■ Required action:
Repeat the lines from the one containing "Beautiful Biedermeier commode" through the end of the listing exactly, both ends included. Do not carry over any pictures.

■ Collected material:
═══

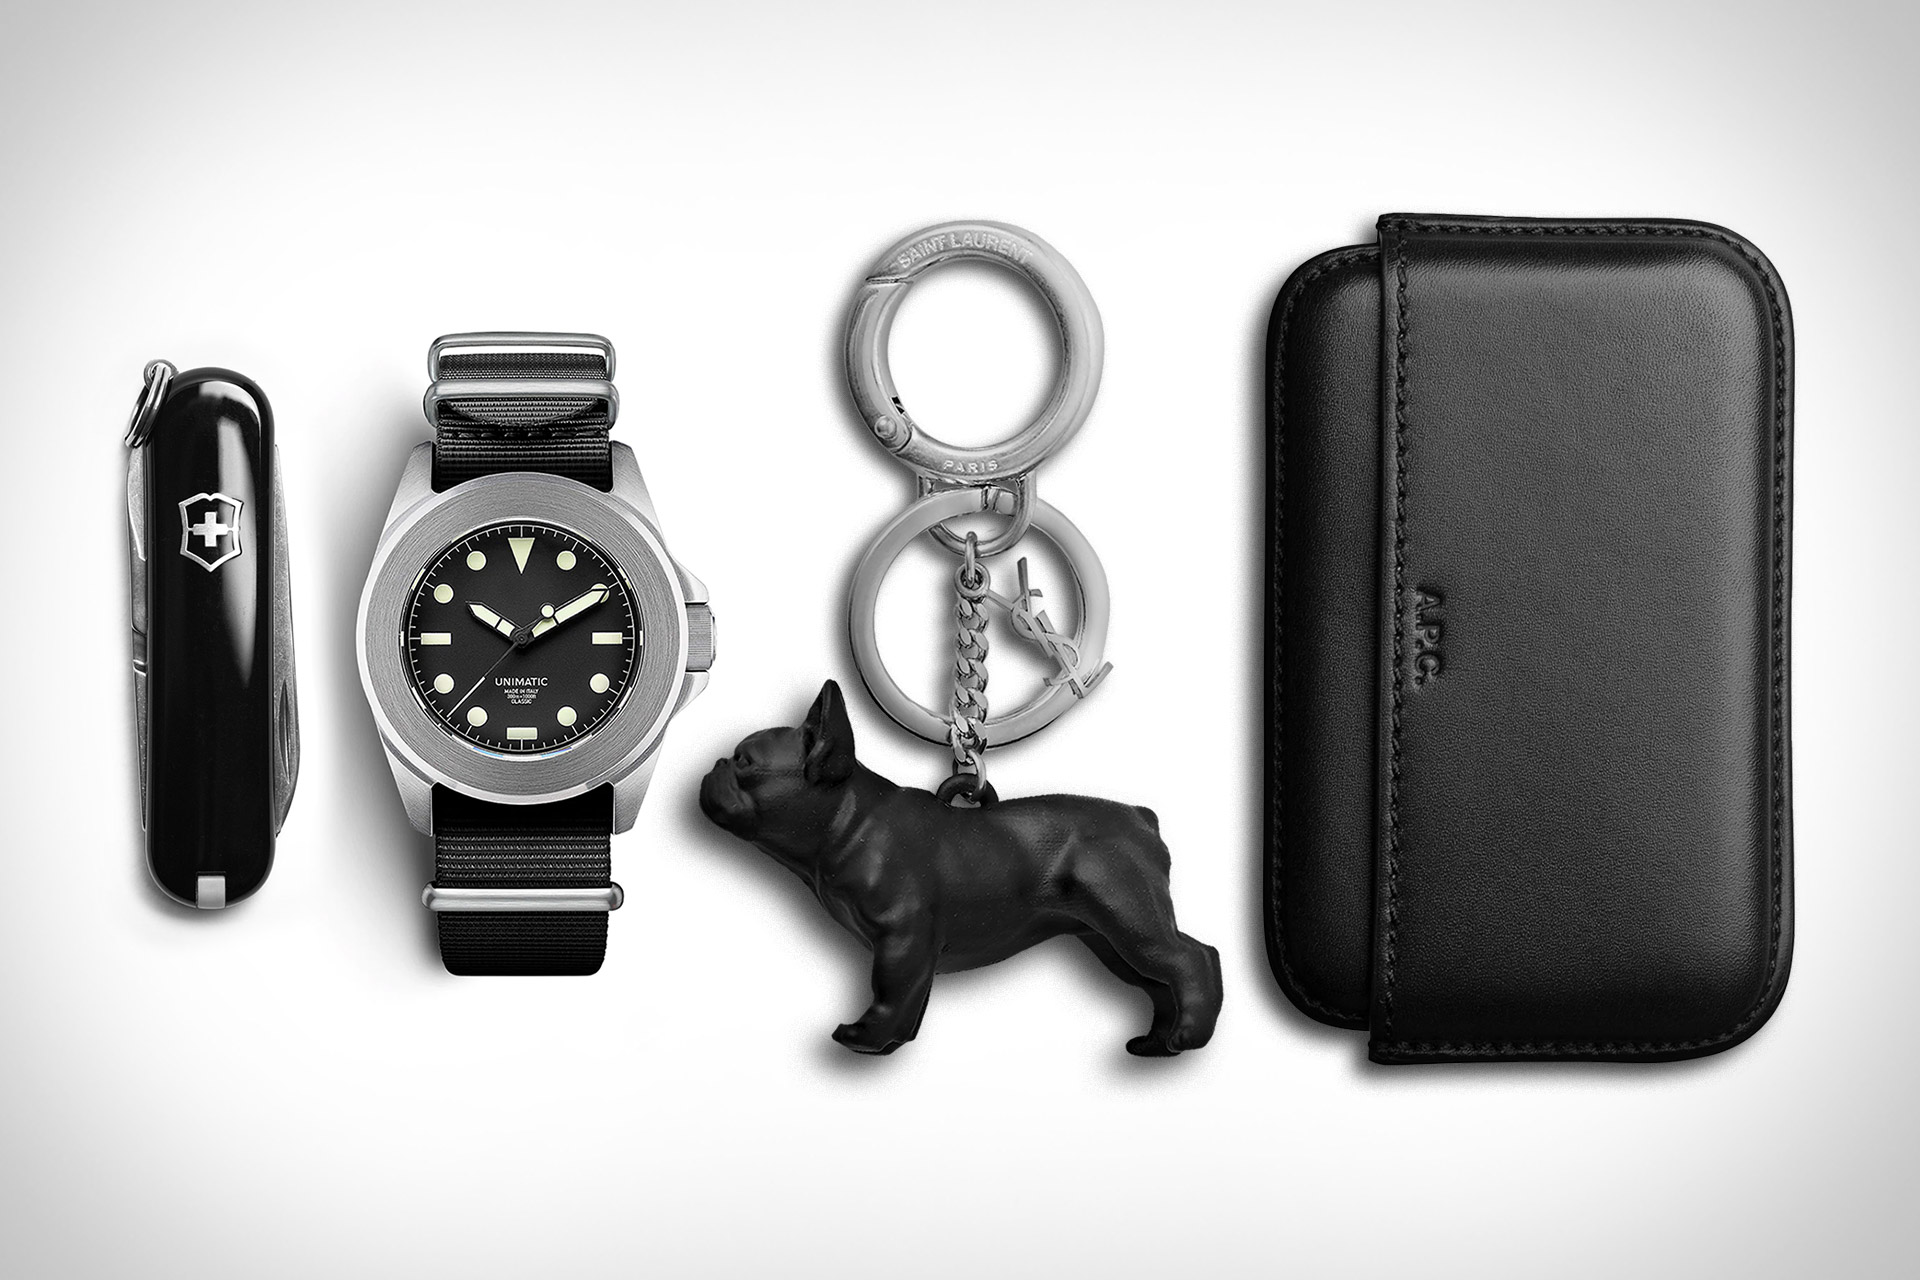 Everyday Carry: Bulldog | Uncrate, #Everyday #Carry #Bulldog #Uncrate
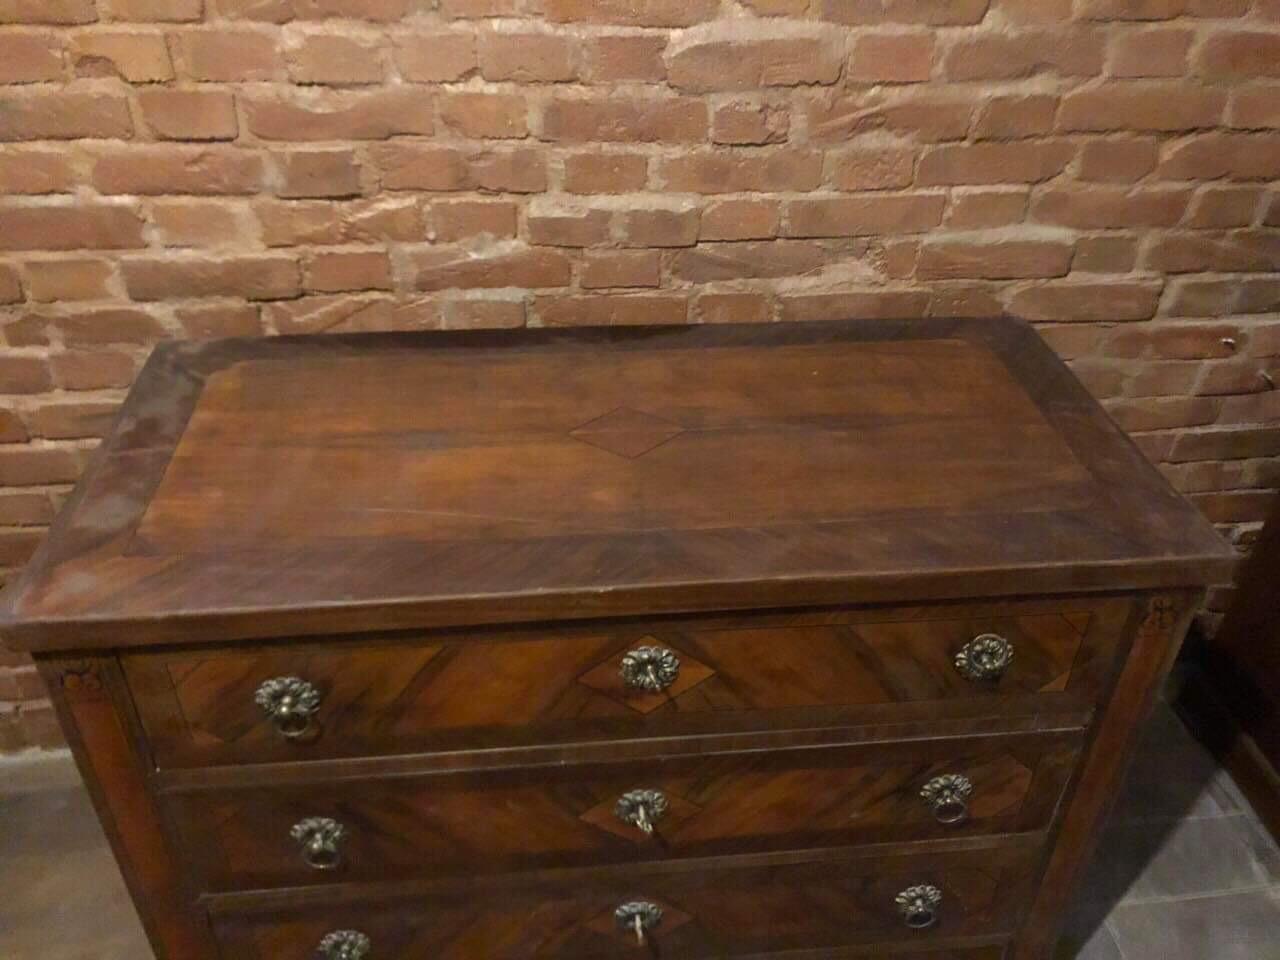 Beautiful Biedermeier commode which is in original conditions.
All the part is walnuts aplicat with intarsia stripes. With original handle, lock and key. I can restore it as needed.

═══

■ Exercise answer:
 Beautiful Biedermeier commode which is in original conditions.
All the part is walnuts aplicat with intarsia stripes. With original handle, lock and key. I can restore it as needed.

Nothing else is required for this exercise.